- Developer(s): Midway Studios San Diego (Arcade) Avalanche Software (N64)
- Publisher(s): Midway GT Interactive (European release)
- Composer(s): Rob Atesalp
- Platform(s): Arcade, Nintendo 64
- Release: Arcade NA: September 1997; Nintendo 64NA: June 30, 1998; PAL: September 15, 1998;
- Genre(s): Racing
- Mode(s): Single-player, multiplayer
- Arcade system: Midway V Unit Software

= Off Road Challenge =

1997 video game

Off Road Challenge is a video game developed and published by Midway. The game was originally released in 1997 for arcades using the Midway V Unit hardware. It is part of the Off Road series which began with Ivan 'Ironman' Stewart's Super Off Road.

The game was released for the Nintendo 64 in 1998. The Nintendo 64 conversion was developed by Avalanche Software and published by Midway, and includes several unlockable tracks and an added circuit mode.

==Gameplay==
The levels are mostly offroad tracks, sometimes containing urban areas. The game features a vehicle tuning system that allows the player to purchase upgrades to suspension, tires, "acceleration", and various other performance items.
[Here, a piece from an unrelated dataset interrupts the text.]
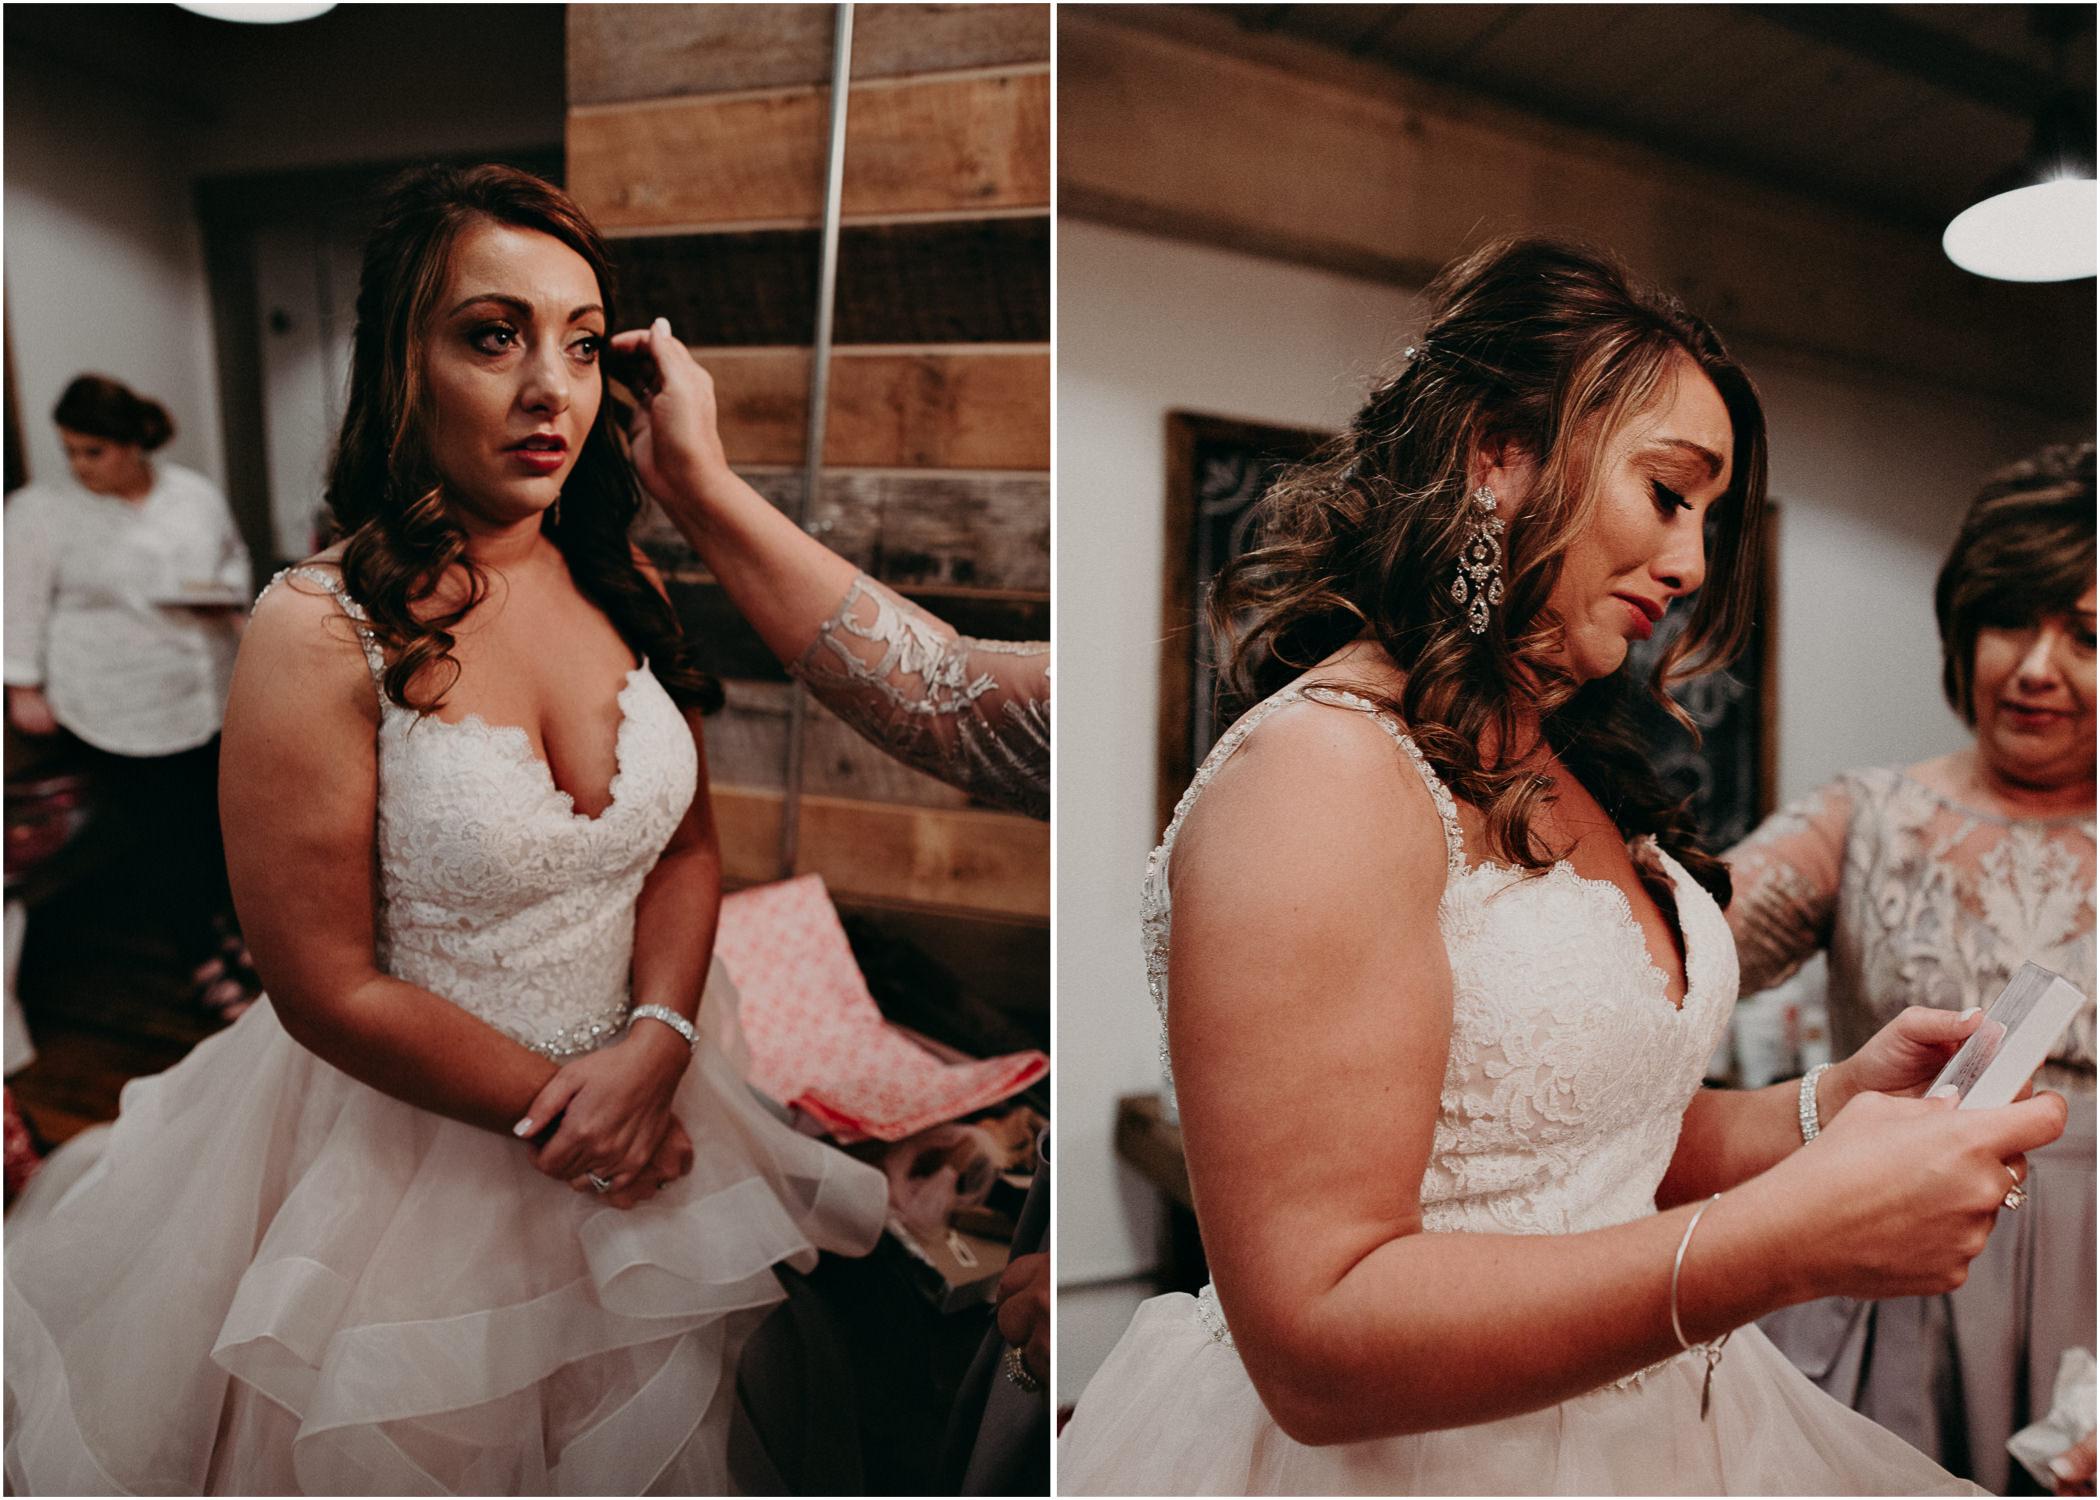 14 4 - Atlanta Wedding Photographer - The engine room - Ga - Wedding trends - Aline Marin Photography.jpg

It also features power-ups which the player drives over, such as nitro, crash helmets (to prevent the player from losing speed when colliding with others) and money. Treasure Chests and Nitro Capsules can be found lying on the ground during the race. Players race against seven other opponents. There are various obstacles depending on the track, such as wagon carts, a train, water slicks, and trees. The top four places earn cash, with first place being the most rewarding. The faster the finish, the better chance the player has to make a new record on the Top-Ten leaderboard.

The game has six tracks, ranging in difficulty from beginner, to intermediate, to advanced.

Up to four cabinets can be linked together for players to race against each other.

==Development==
Off Road Challenge was developed at the Cinematronics/Leland Corporation office in San Diego, with a team of designers led by Mike Hunley.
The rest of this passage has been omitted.